**DATA TO EXAMINE**:
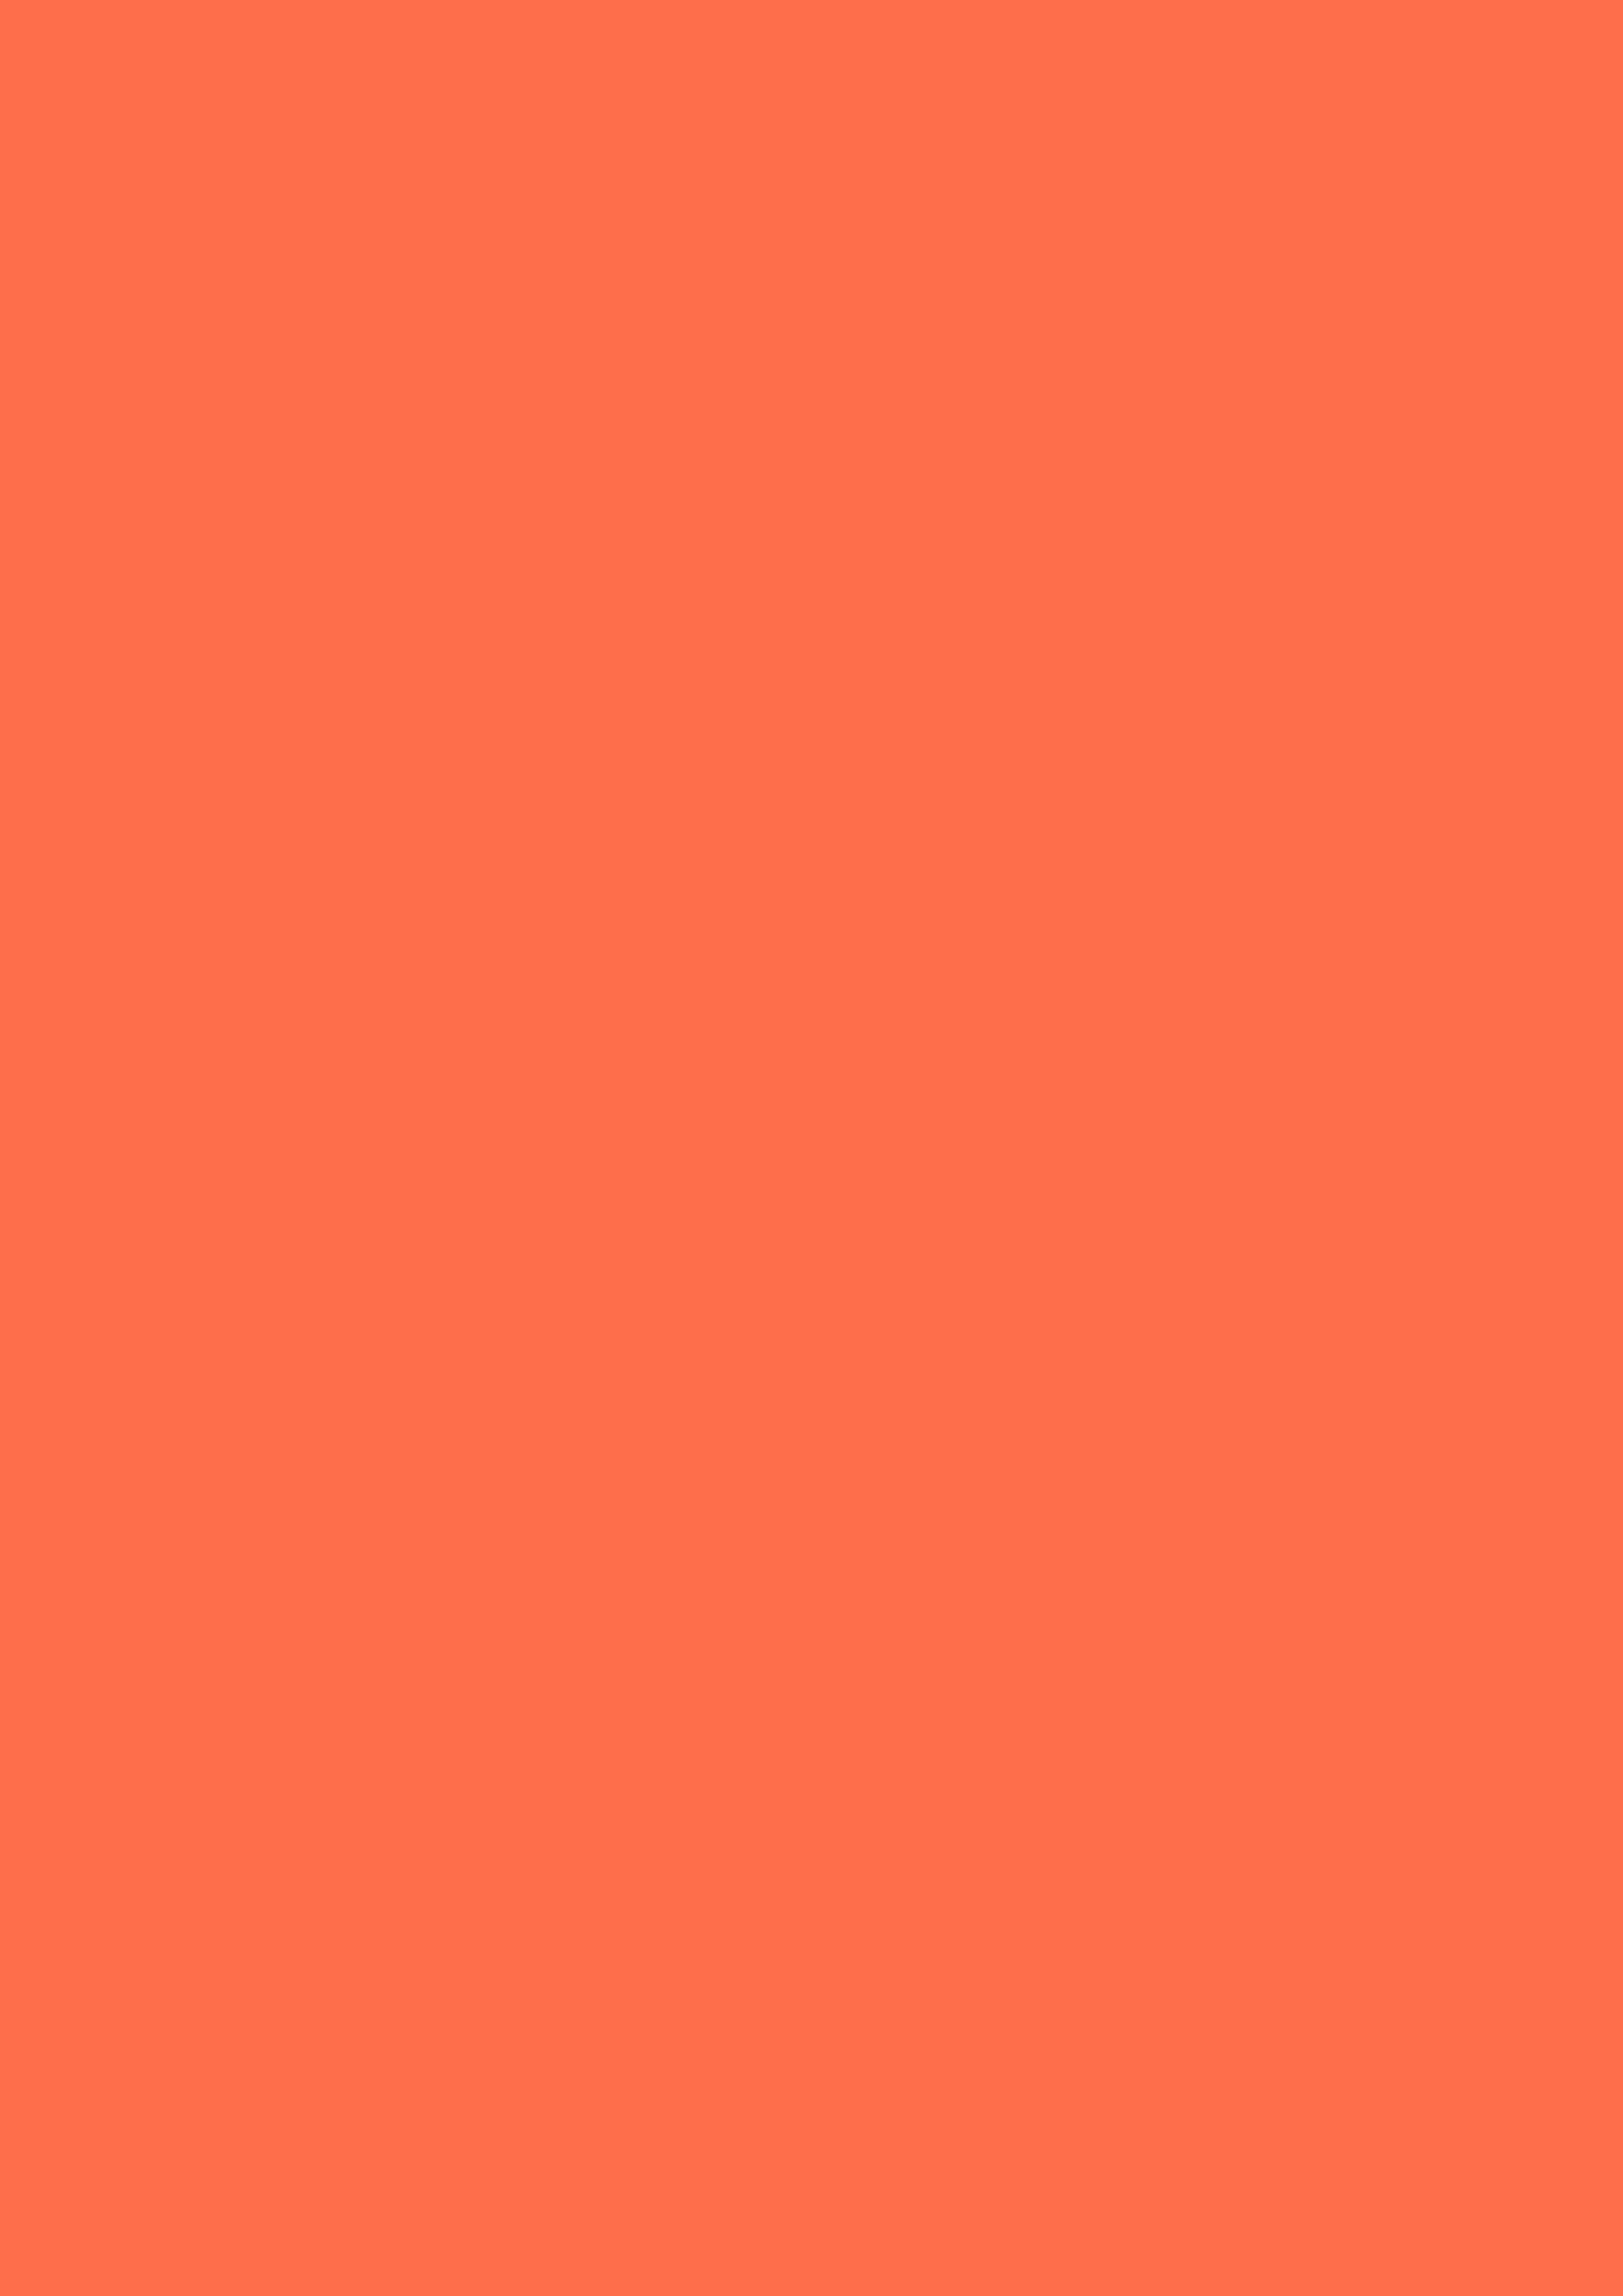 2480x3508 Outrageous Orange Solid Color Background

* * *

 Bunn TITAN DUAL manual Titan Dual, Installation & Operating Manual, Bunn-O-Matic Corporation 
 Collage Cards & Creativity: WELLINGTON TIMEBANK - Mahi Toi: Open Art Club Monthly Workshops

**EXERCISE REQUIREMENTS**: When the line with "Bunn TITAN DUAL" is reached in the data above, begin copying, and stop after the line with "Collage Cards &"; copy each line exactly, both ends included.

**OUTPUT OF THE TASK**:
 Bunn TITAN DUAL manual Titan Dual, Installation & Operating Manual, Bunn-O-Matic Corporation 
 Collage Cards & Creativity: WELLINGTON TIMEBANK - Mahi Toi: Open Art Club Monthly Workshops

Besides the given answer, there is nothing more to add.